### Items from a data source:
* * * * * * * * *

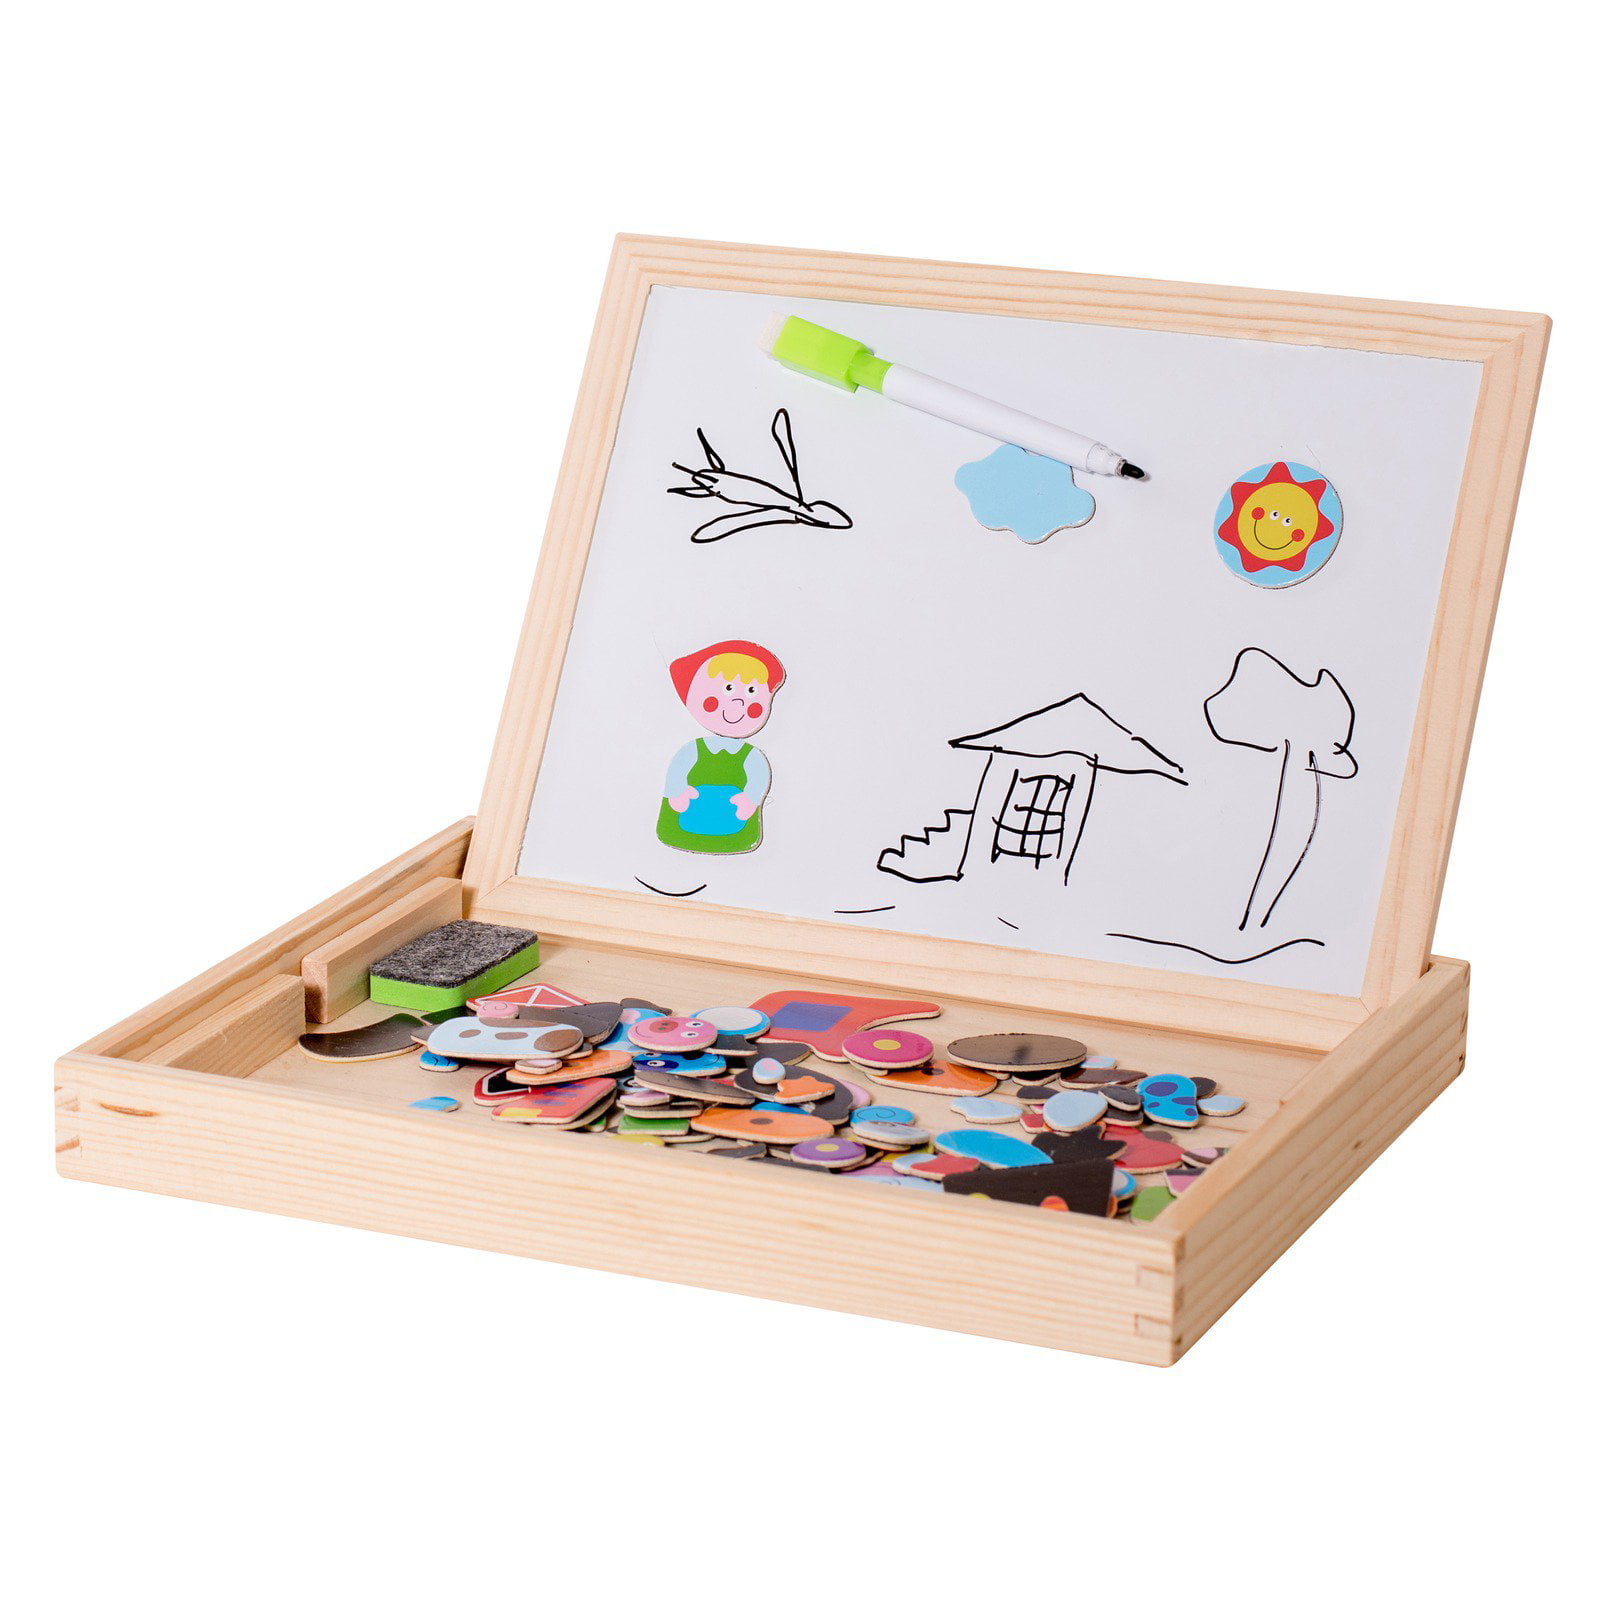 Eliiti Wooden Magnetic Easel Double Side Dry Erase Board for Kids 3 to 6 Years 
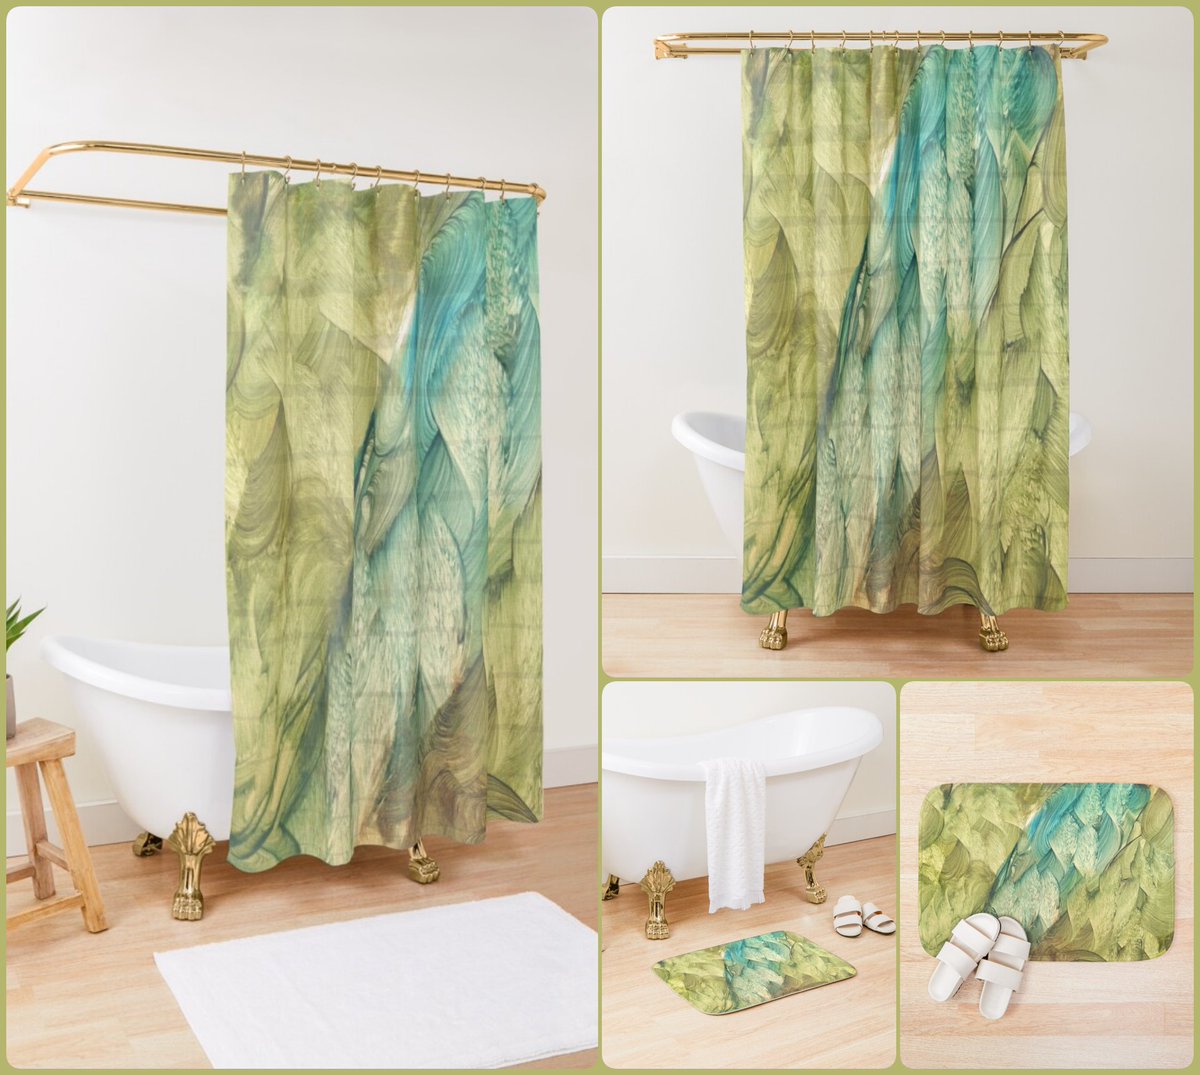 *SALE 25% Off*
Blue Symphony Shower Curtain~ by Art Falaxy
~Be Artful~ #accents #homedecor #art #artfalaxy #bathmats #blankets #comforters #duvets #pillows #redbubble #shower #trendy #modern #gifts #FindYourThing #teal #blue #green #yellow #golden

redbubble.com/i/shower-curta…
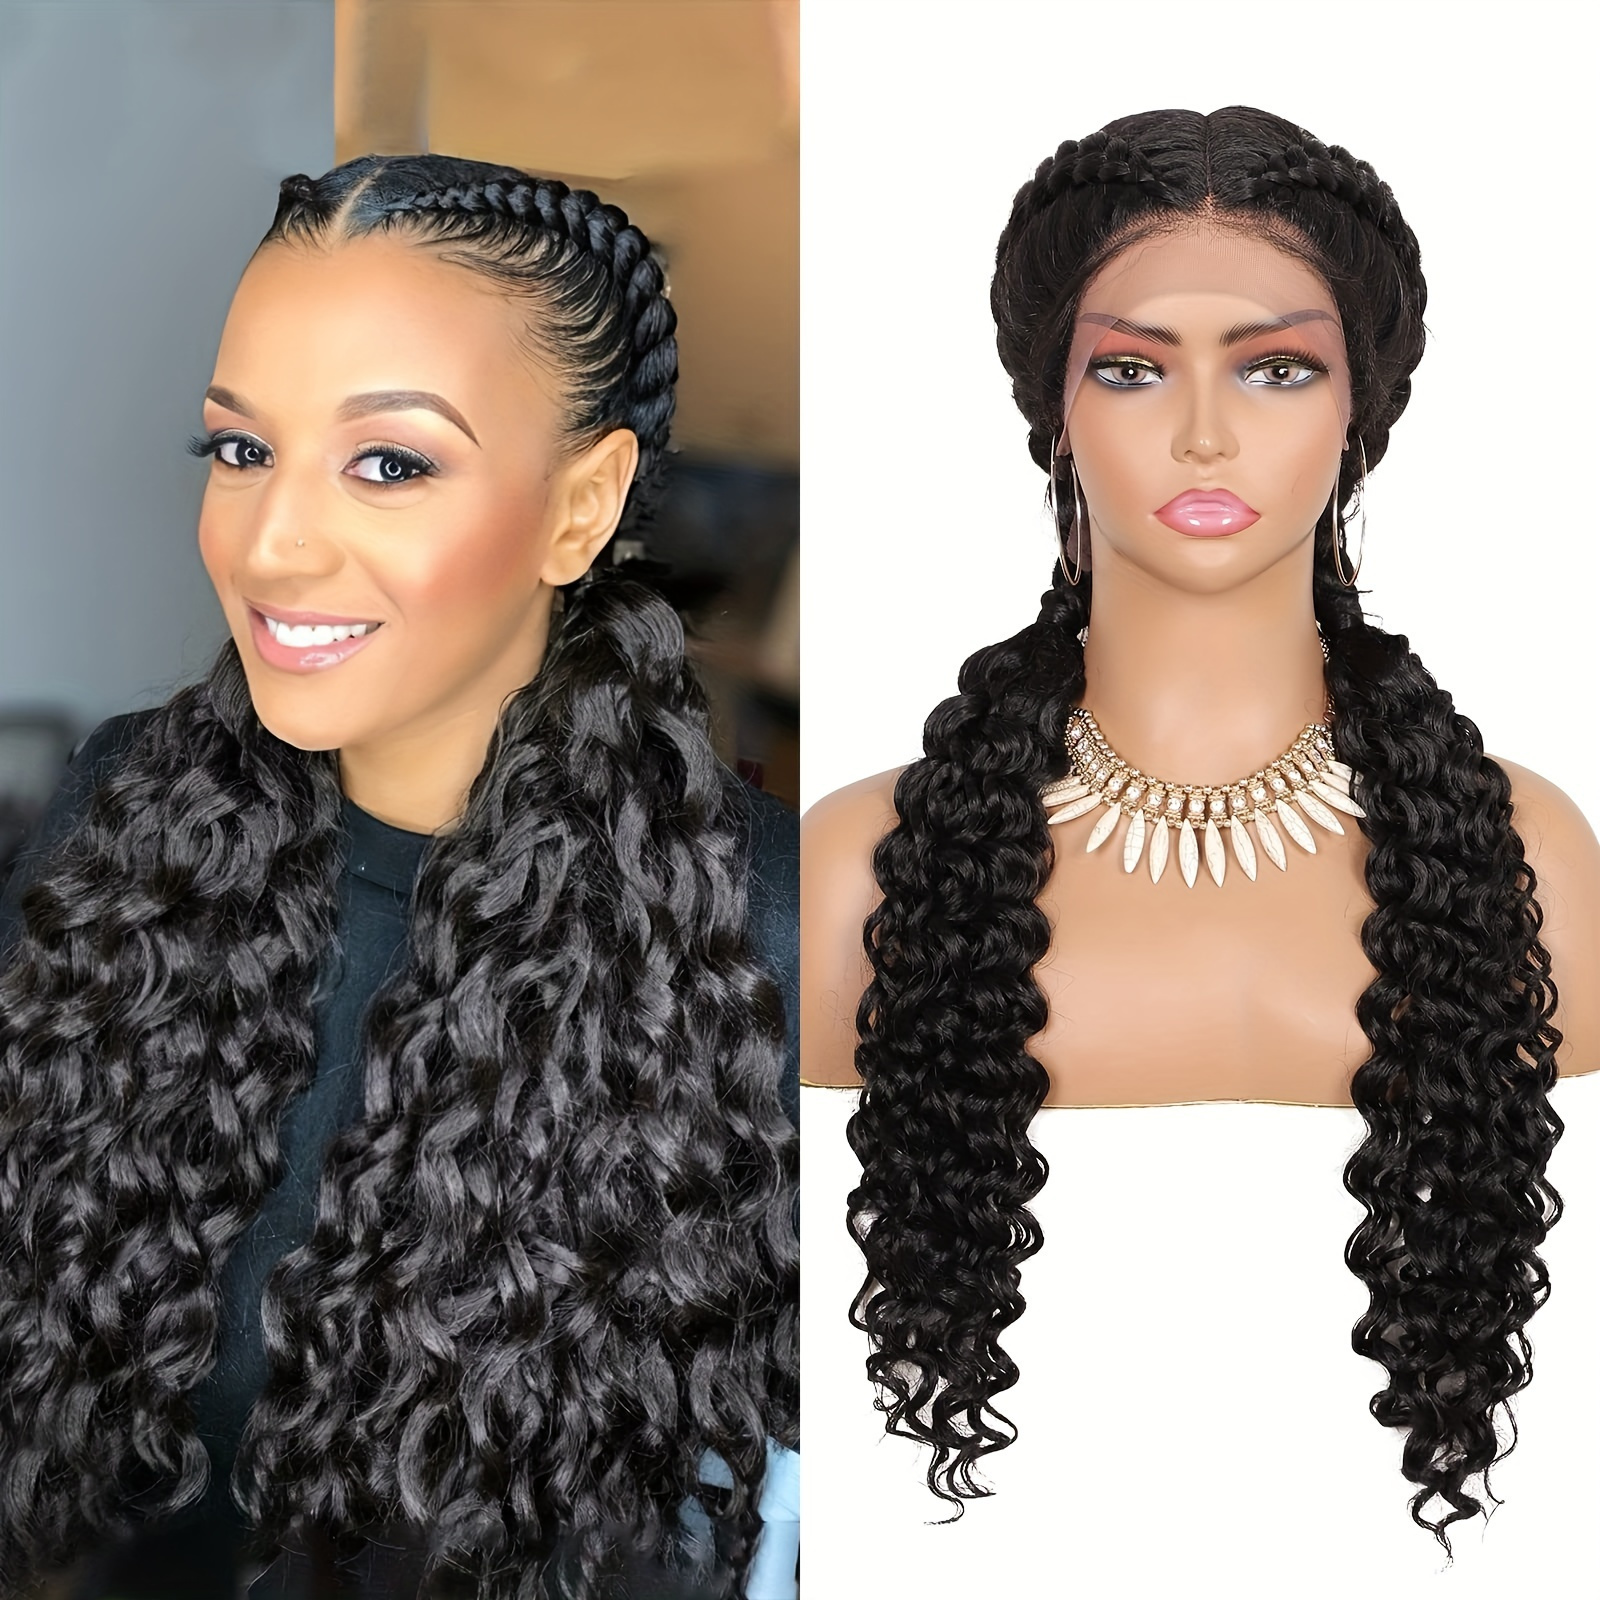  Kalyss 28 Lace Front Cornrow Braided Wigs for Women

* * * * * * * * *

### Goal of the exercise:
Reproduce each entry exactly as given; no pictures, please.

### Output of the task:
 Eliiti Wooden Magnetic Easel Double Side Dry Erase Board for Kids 3 to 6 Years 
 *SALE 25% Off*
Blue Symphony Shower Curtain~ by Art Falaxy
~Be Artful~ #accents #homedecor #art #artfalaxy #bathmats #blankets #comforters #duvets #pillows #redbubble #shower #trendy #modern #gifts #FindYourThing #teal #blue #green #yellow #golden

redbubble.com/i/shower-curta…
  Kalyss 28 Lace Front Cornrow Braided Wigs for Women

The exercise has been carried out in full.